%%
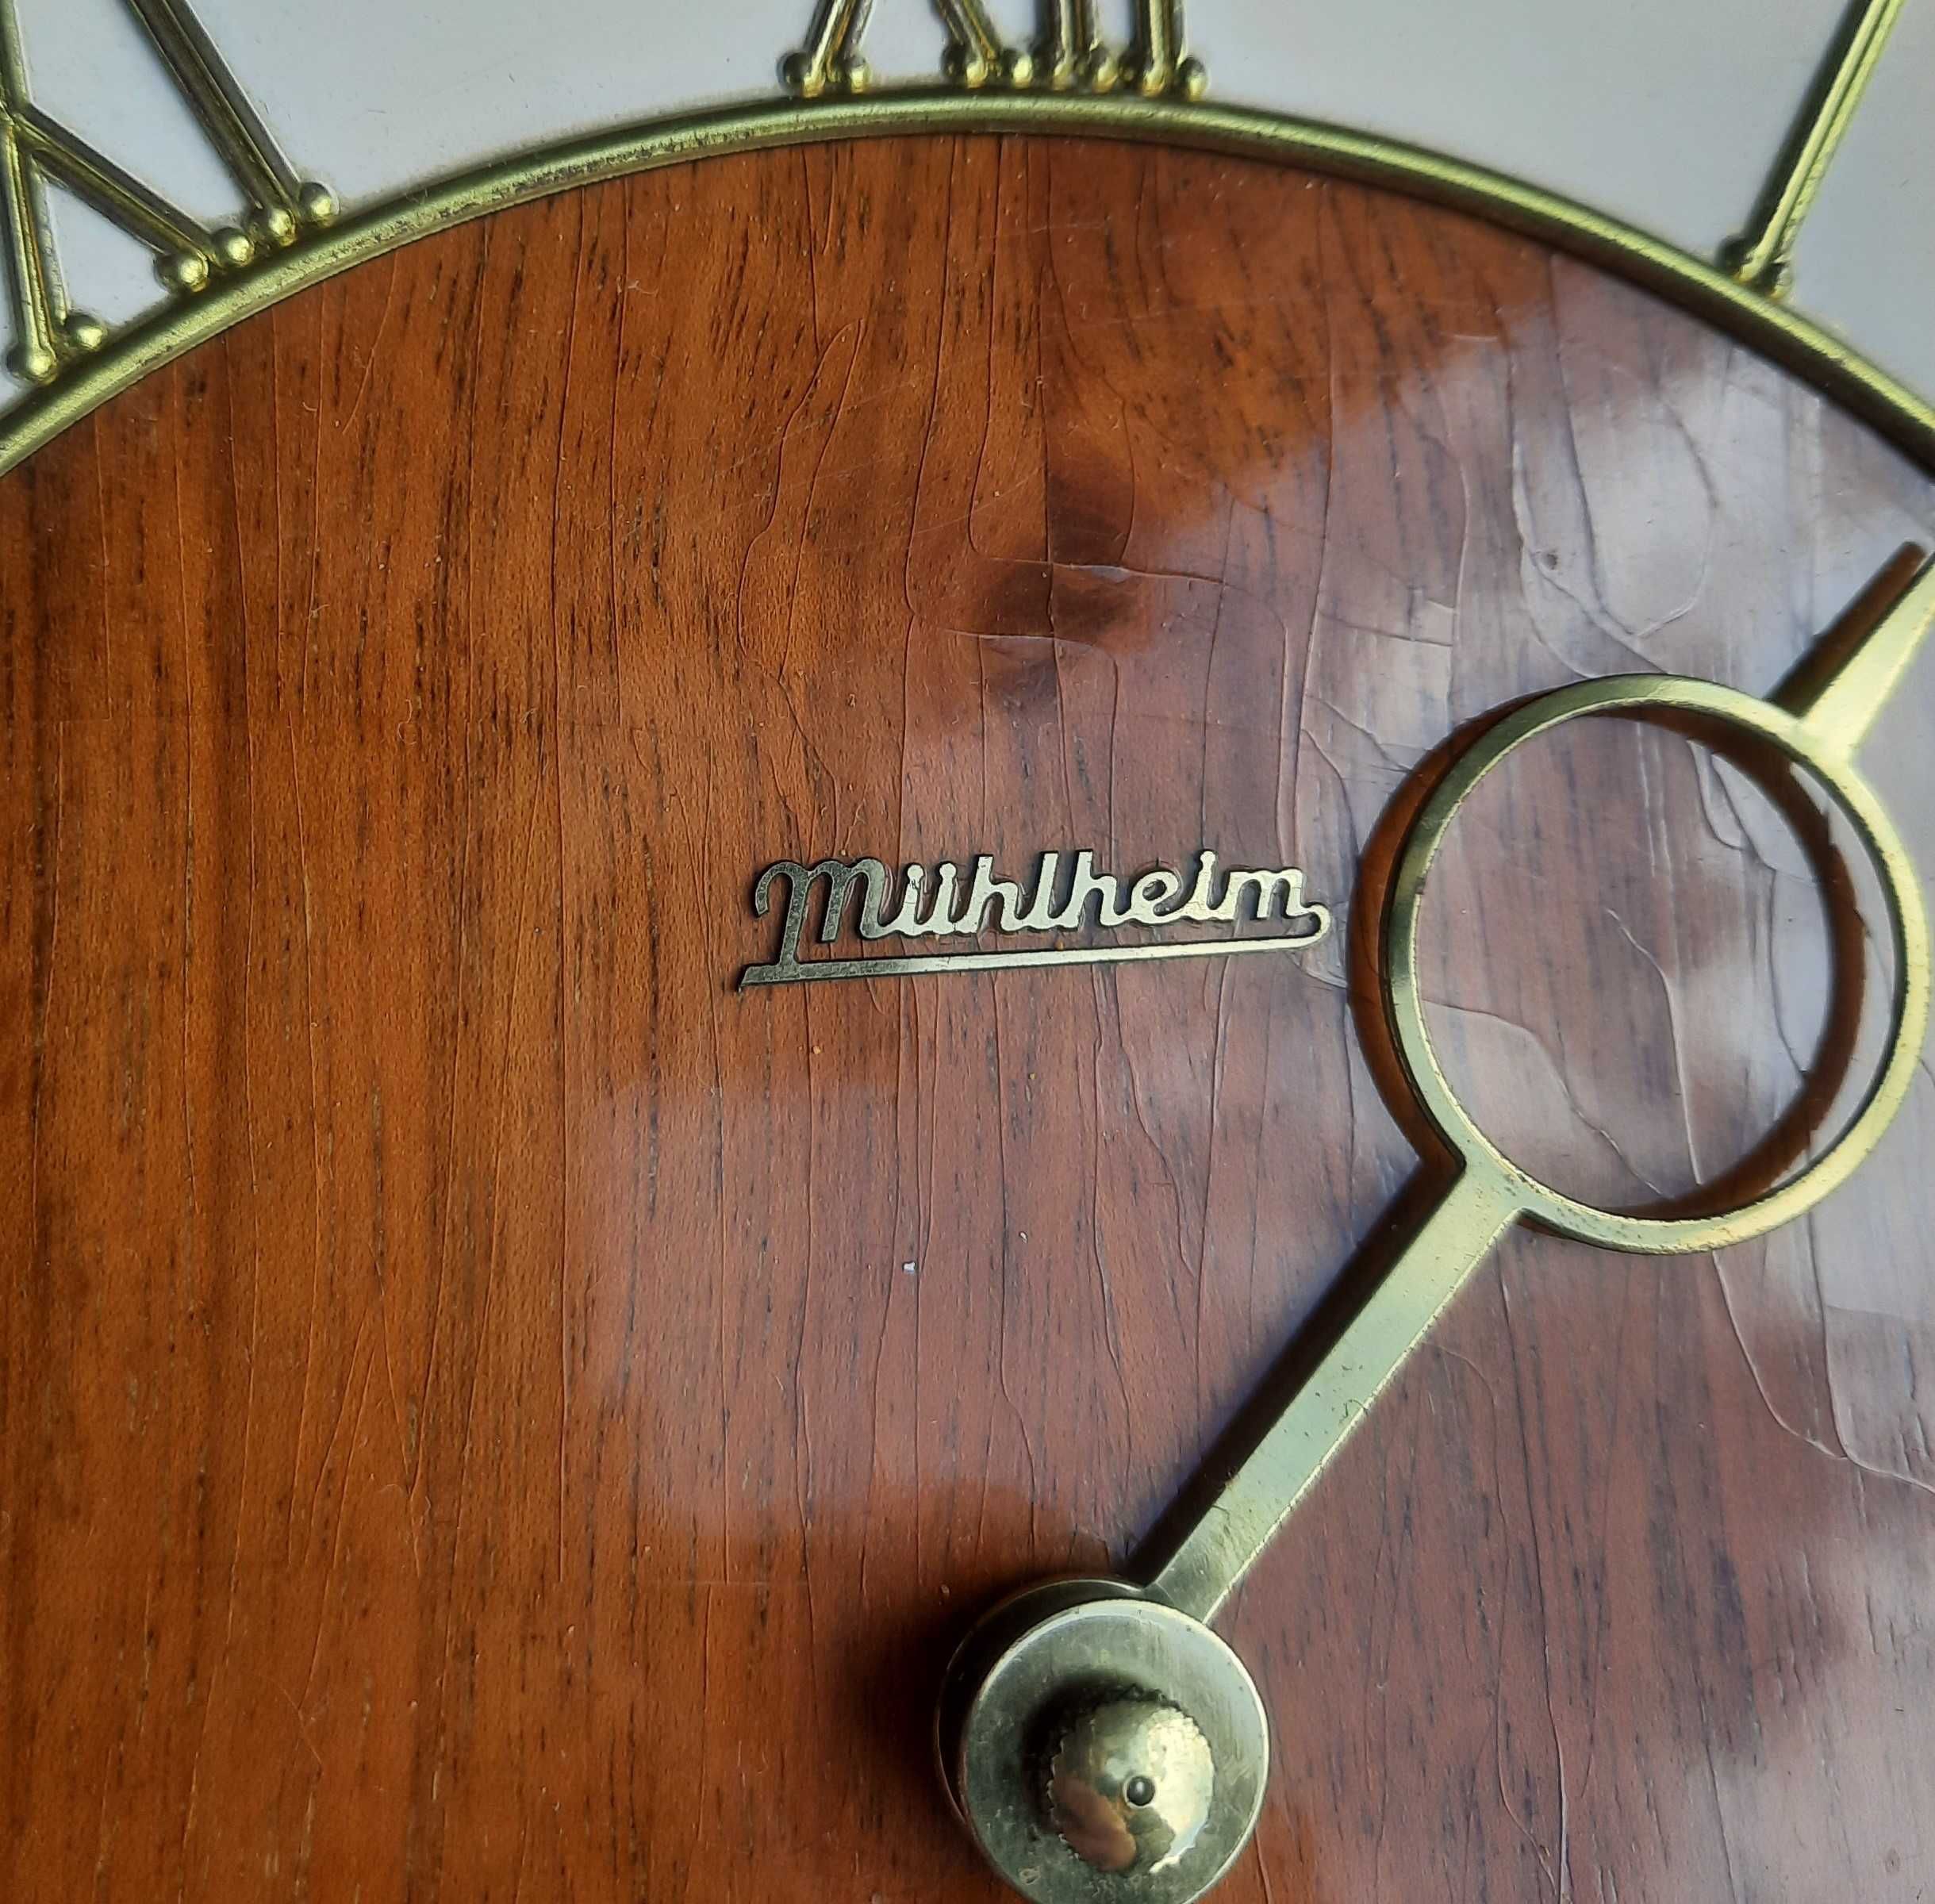 46 Zegar ścienny Muhlheim ładny sprawny chodzik
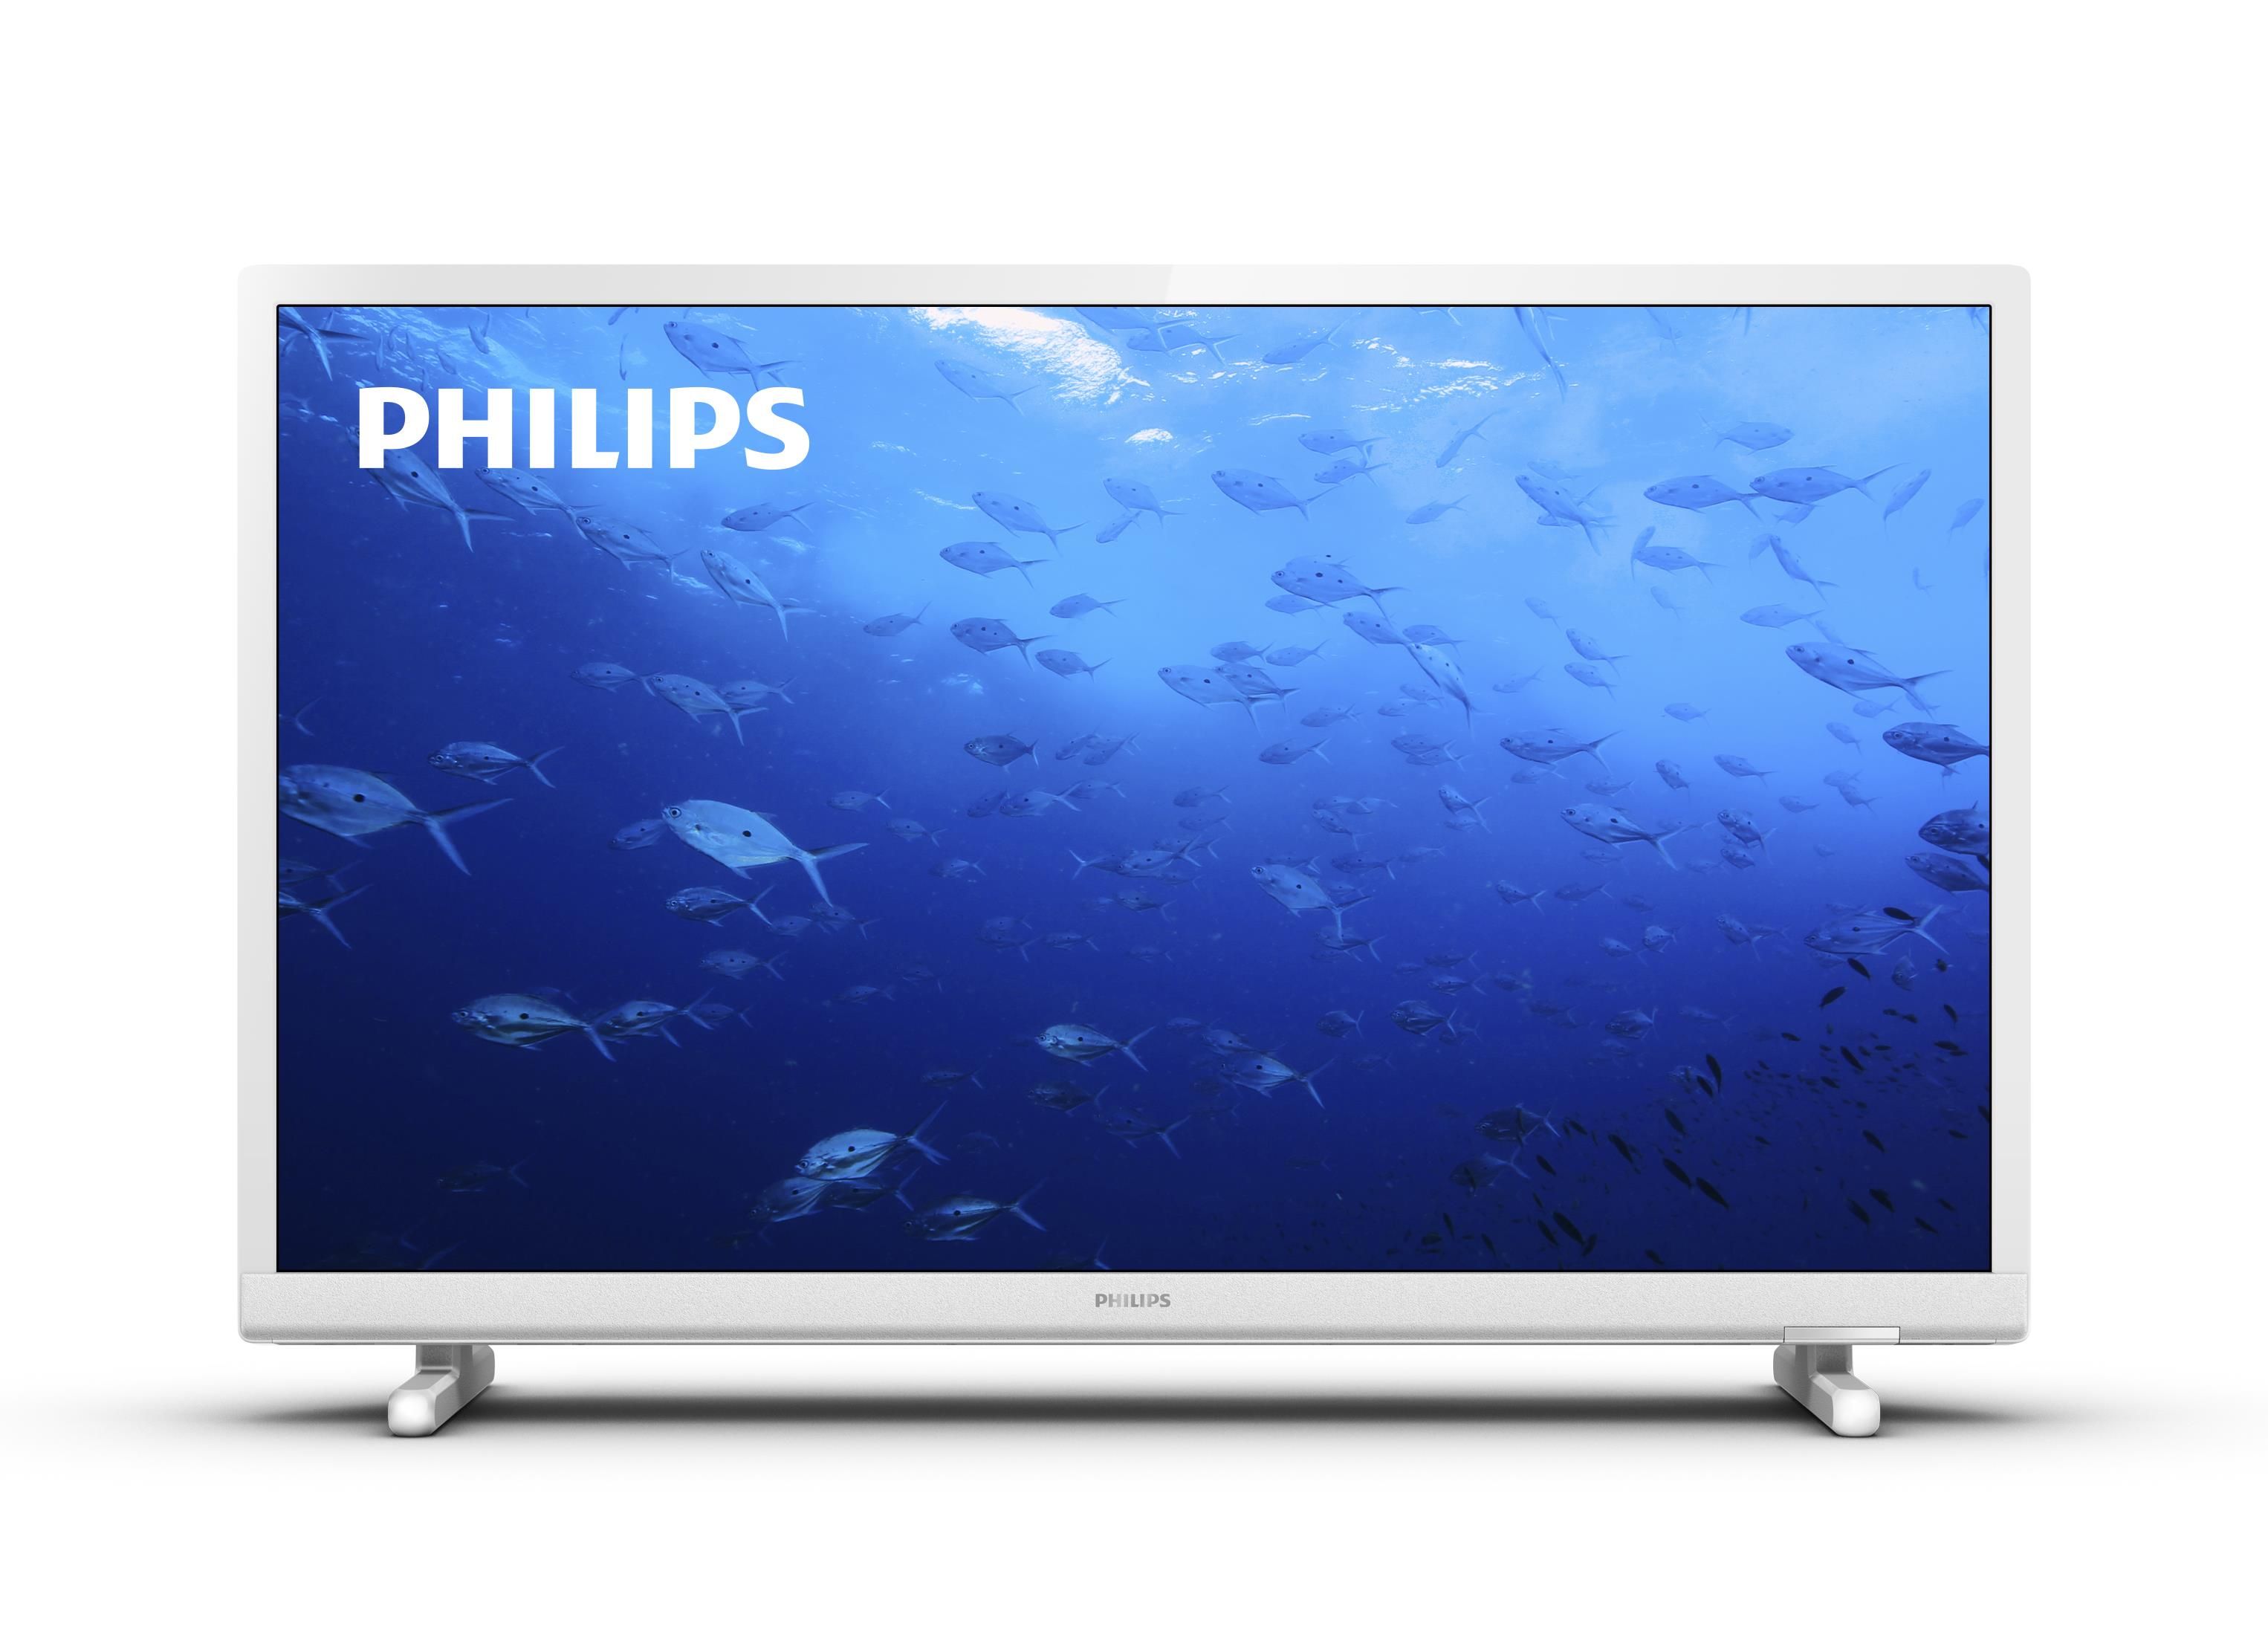 Philips 5500 Series 24PHS5537/12
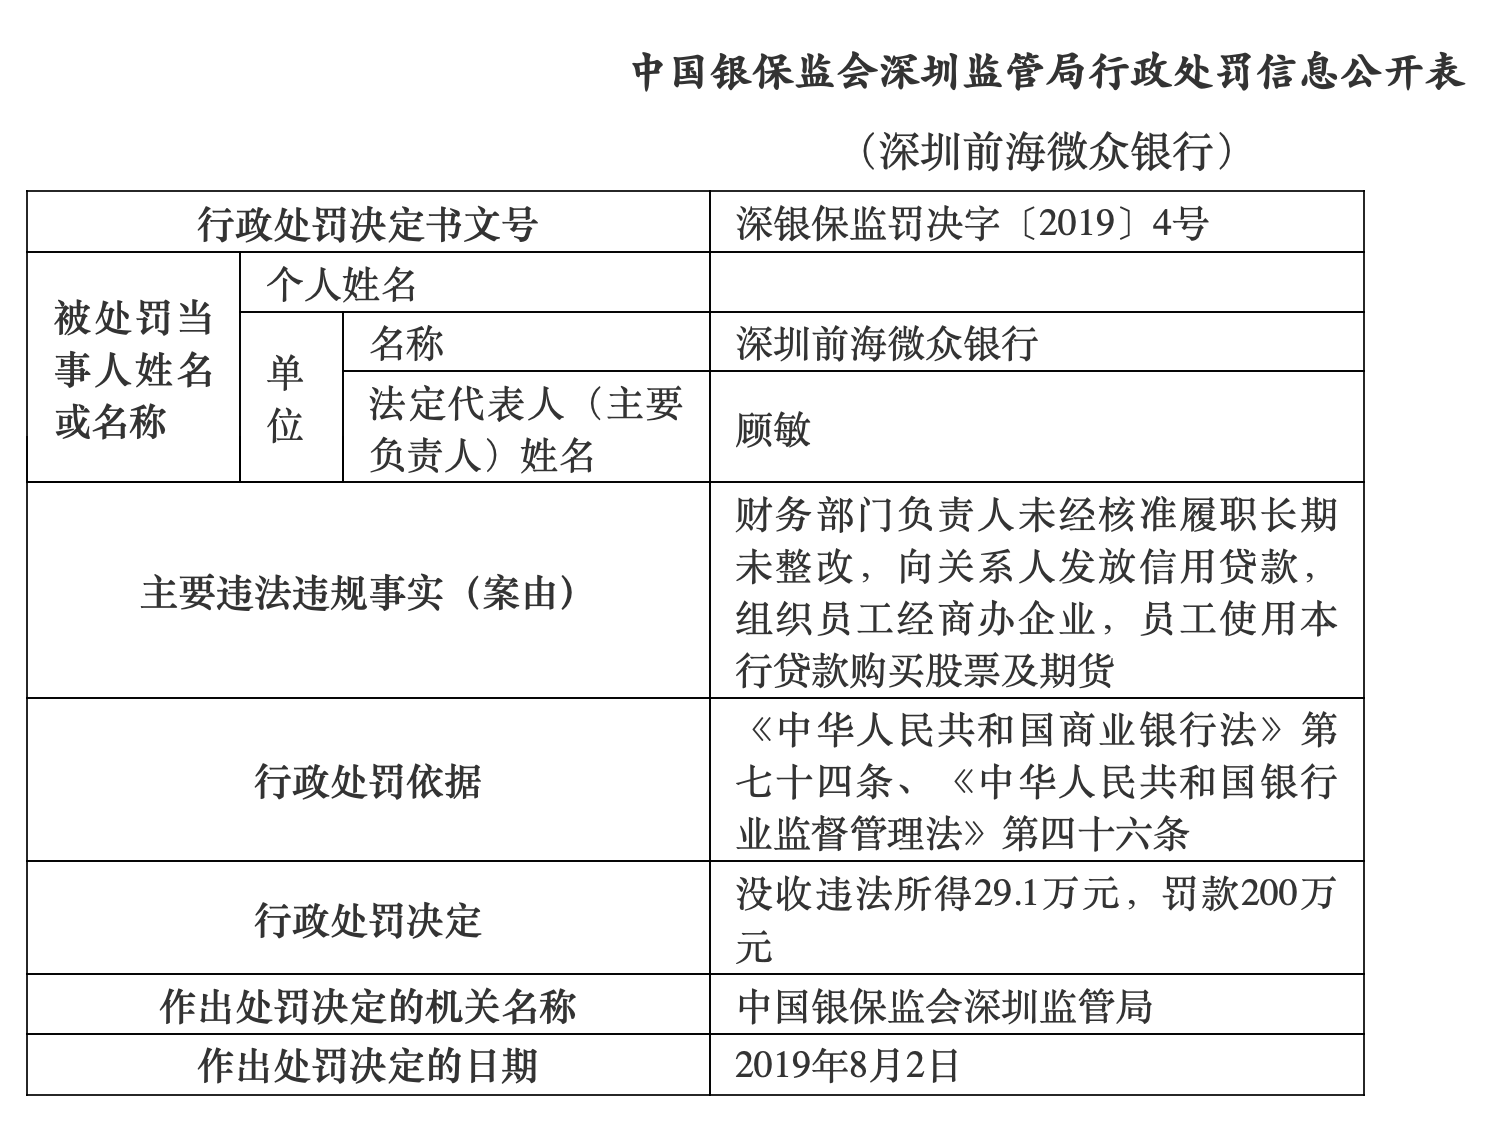 深圳前海微众银行被没收违法所得29.1万元，罚款200万元
%%
- **Work item**: Restate word for word the lines starting at the one that contains "Philips 5500 Series 24PHS5537/12" and ending at the last line of the data. Skip every picture.

- **Result for this exercise**:
 Philips 5500 Series 24PHS5537/12
 深圳前海微众银行被没收违法所得29.1万元，罚款200万元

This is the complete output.